Наш ударник принимается играть, и внезапно выходит неплохо. Когда он заканчивает, мы глазеем на него с отвисшими челюстями.
— Завязывать надо с каверами, — говорит. — Чтобы прославиться, нужно своё иметь.
— Ты чё, Тро… Боря, — от неожиданности называю его по имени, — музыку умеешь писать?
— Я на идиота похож? Музыку уже сто лет ни один лох сам не пишет. С «Black Sabbath» слизал, из раннего.
— А вдруг запалят? — Осторожный Червь неуверенно водит плечами.
— Да этой песни даже «Вконтакте» и на Ютубе нет, я её у бати на пластинках нашёл. Её одни олдфаги вроде бати моего и помнят. Да и не заметит никто — текст же у нас свой будет.
— А где мы текст возьмём? — спрашиваю.
— Так ты и напишешь, — предлагает Тролль.
Я отказываюсь. Возражаю, что вовсе не поэт, но это не так — одно время я был влюблён в Машку с параллельного и написал в её честь несколько четверостиший. Машка прочитала и объявила, что она асексуал и чайлд-фри и ни за что не станет со мной встречаться, а листок со стихами бросила в мусор. Там его нашли ребята, и как пошли подначки… Месяца три мне было хорошо. Одно радует — Машкины подружки тоже прознали, и ей было ещё лучше.
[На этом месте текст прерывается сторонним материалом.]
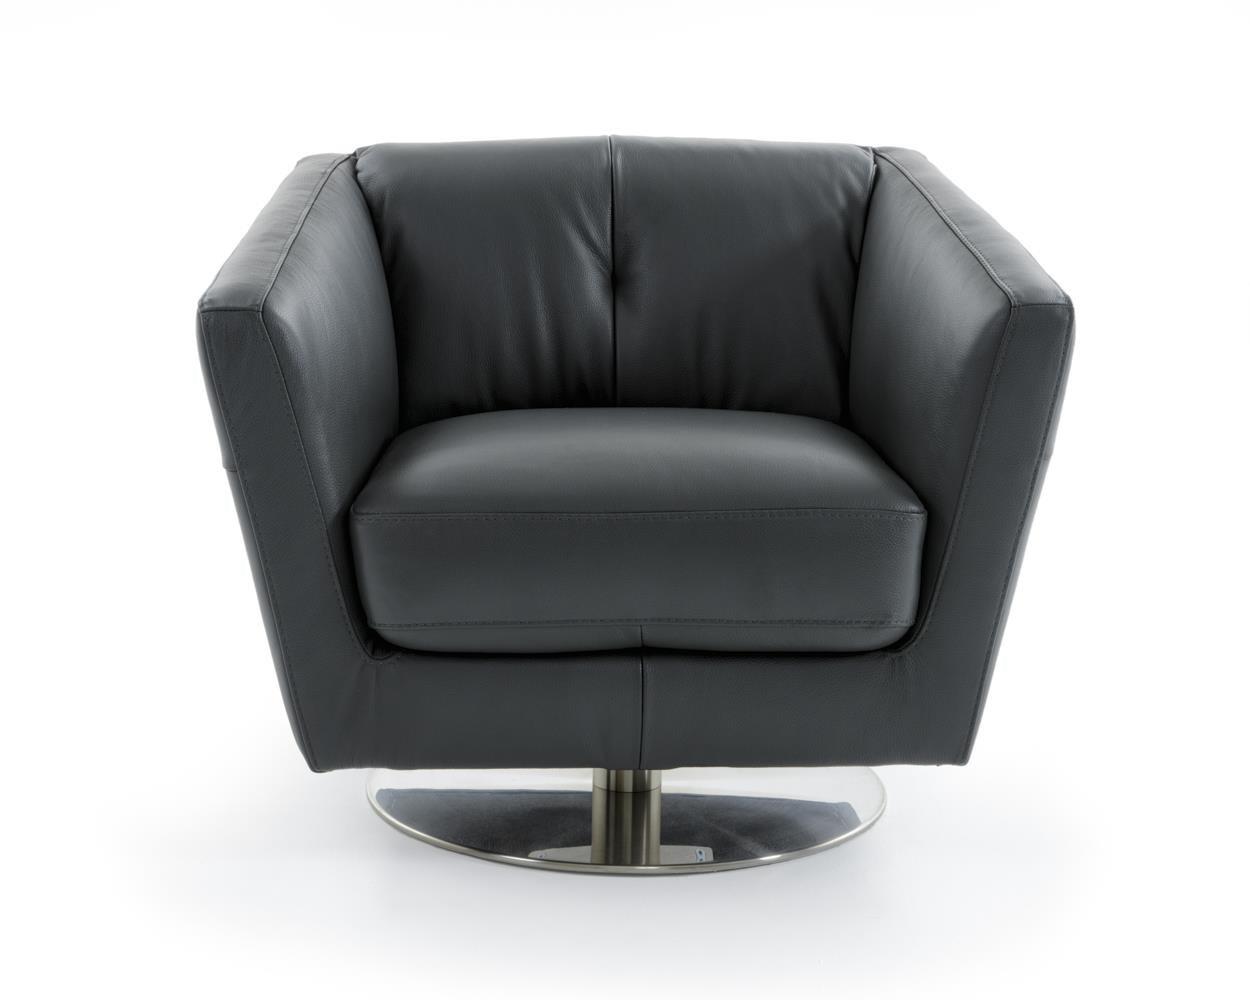 Natuzzi Editions B617 Chair - Item Number: B617-066 10BIsp

Об этом они мне и напоминают сейчас.
— Ну тогда-то я влюблён был… — говорю. — Вдохновение приходило!
— Пф, — фыркает Костян. — Нажрись и будет тебе вдохновение.
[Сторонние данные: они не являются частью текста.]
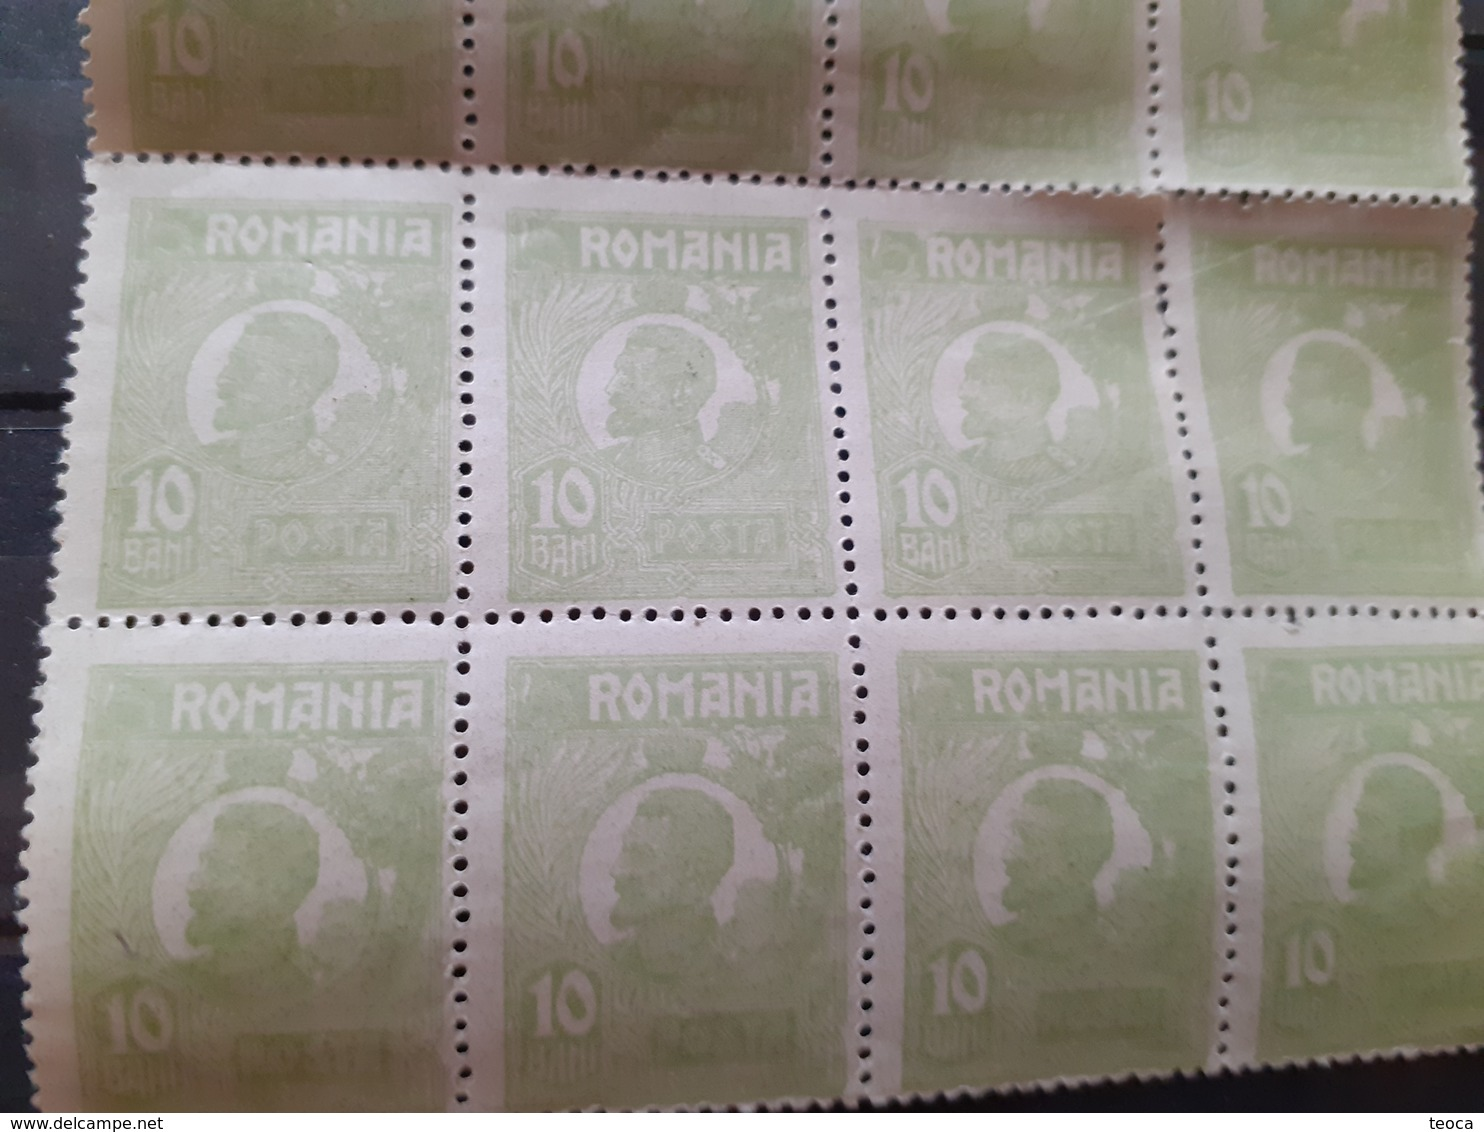 Romania 1922 King Ferdinand 10 Bani, Green,  Souvenir SHEET X15 STAMPS, UNUSED MNH , - Errors, Freaks & Oddities (EFO)

— Если бы всё было так просто… после нашего эн-гэ я уже должен был поэму дописывать.
— А я не про спиртное.
Костян выходит из комнаты. Нет его довольно долго, мы уже начинаем ёрзать, но он наконец появляется с лукавой улыбкой и небольшим газетным свёртком в руках.
— Нет… — Я даже встаю и машу перед собой руками. — Меня же после того раза мать выгнала, я тогда зарёкся на всю жизнь!
— О-о-о-о… — восклицает Костян. — Мальчика нашего мамка заругает!
— Эх, — вздыхает Тролль. Я ищу поддержки у Червя, но тот молчит. Тролль снова вздыхает и добавляет: — Значит, плакала наша вечеринка.
— Какая вечеринка? — не понимаю я.
— Крисмас-пати. В «Фанни Санни».
Мы все наперебой начинаем галдеть. Наш простак и увалень через корешей договорился о выступлении на самой крутой студенческой вечеринке города. Наконец мы успокаиваемся, и я понимаю, что это того стоит.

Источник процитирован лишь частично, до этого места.